Чем объединены впечатления детства, мальчик с кубарем и профиль великого историка? В «Городке» Пушкин-лицеист, ненароком заглянув в детство, вспомнил шуто-героическую пьесу Крылова «Подщипу»:
В трагическом смятенье
Плененные цари,
Забыв войну, сраженья,
Играют в кубари.
Он и царям откажет во взрослости. Вот как отзовется эта связанная с детством тема в одном из предсмертных творений Пушкина:
Игралища таинственной игры,
Металися смущенные народы;
И высились и падали цари;
И кровь людей то славы, то свободы,
То гордости багрила алтари.
Как он рано начал все понимать!
Счастье
Итак, Пушкин в своих сочинениях невольно, сам того не подозревая, очень многое рассказал о своем детстве. Но ему не поверили. Многое из сказанного им, видимо, сочли поэтическим преувеличением, даже штампом. Сюда входят, например, многочисленные уверения поэта, что в детстве он был счастлив.

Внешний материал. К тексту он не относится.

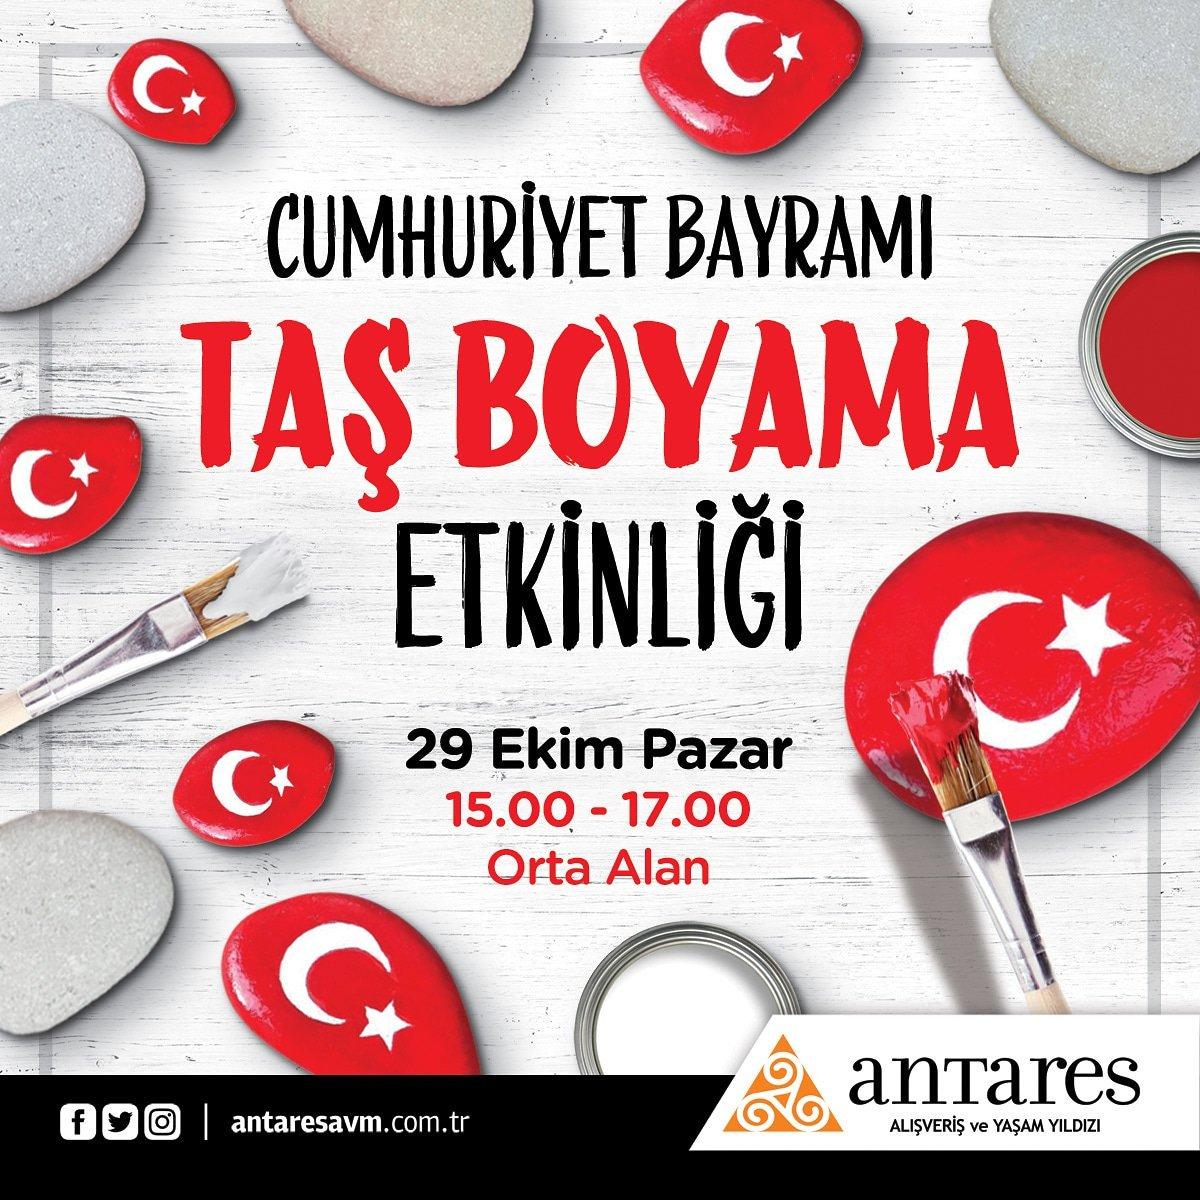 Antares Avm On Twitter Cumhuriyet Bayrami Tas Boyama Etkinligi

И когда он пишет: «С подругой обнимуся / Весны своей златой», это означает, что лицеист Пушкин вспомнил, как в Москве и в Захарове он играл со своей старшей сестрой Ольгой. Мы можем даже стать свиде-телями их детской игры, когда —
…моську престарелу,
В подушках поседелу,
Окутав в длинну шаль
И с нежностью лелея,
Ты к ней зовешь Морфея.
Сие означает, что Ольга в детстве играла, как с куклой, со старенькой комнатной собачкой, закутывала ее в шаль, как ребенка, клала на подушки и баюкала.
Края Москвы, края родные,
Где на заре цветущих лет
Часы беспечности я тратил золотые,
Не зная горестей и бед.
Снова часы детской беспечности названы золотыми. И как по-пушкински сказано о времени, даже самом счастливом: «тратил». Неужели и эти строки из «Воспоминаний в Царском Селе» были поэтическим преувеличением, одическим штампом? А возьмем странные строки из стихотворения «Мечтатель». Они обращены к музе:
На слабом утре дней златых
Певца ты осенила,
Венком из миртов молодых
Чело его покрыла…
Что это значит? Ведь муза прилетает к тому, кто бряцает на лире, то есть пишет. Зачем она младенцу, лежащему в колыбели? И за что она увенчала этого младенца венком из молодых миртов? Ведь он еще ничего не создал! И не слишком ли много берет на себя поэт, не в первый и не в последний раз утверждая, что богиня песнопений увенчала его еще в колыбели, склонялась над ним и даже преклонялась перед ним, подобно тому как цари, пастухи и волхвы преклонялись перед избранным младенцем? И вообще, где она в допожарной Москве взяла мирты для венца? А вот это единственный вопрос, на который им можем ответить. В «Путешествии из Москвы в Петербург» поэт вспомнит сады своего детства: «Плошки и цветные фонари не освещают английских дорожек, ныне заросших травою, а бывало уставленных миртовыми и померанцевыми деревьями». Вот они, московские мирты! А муза могла слететь с любой виньетки в книге, с фронтона любого дома, украшенного барельефами на темы античности. Шутки шутками, но ведь Пушкин не только ощущал себя избранным с младенчества певцом, но и помнил счастье, испытанное еще в колыбели и связанное именно с поэзией. И еще. Пушкин не утверждает, что муза преклонилась перед ним, как перед избранным младенцем, в самый день его рождения. Если бы он так считал, это было бы дешевым кощунством и штампом, достойным пародии. Минуты рождения поэт еще в лицейских стихах назвал бесчувственными. Он помнил другое время, когда маленький человек уже способен упиваться колыбельными, а потом сказками бабушек и мамушек.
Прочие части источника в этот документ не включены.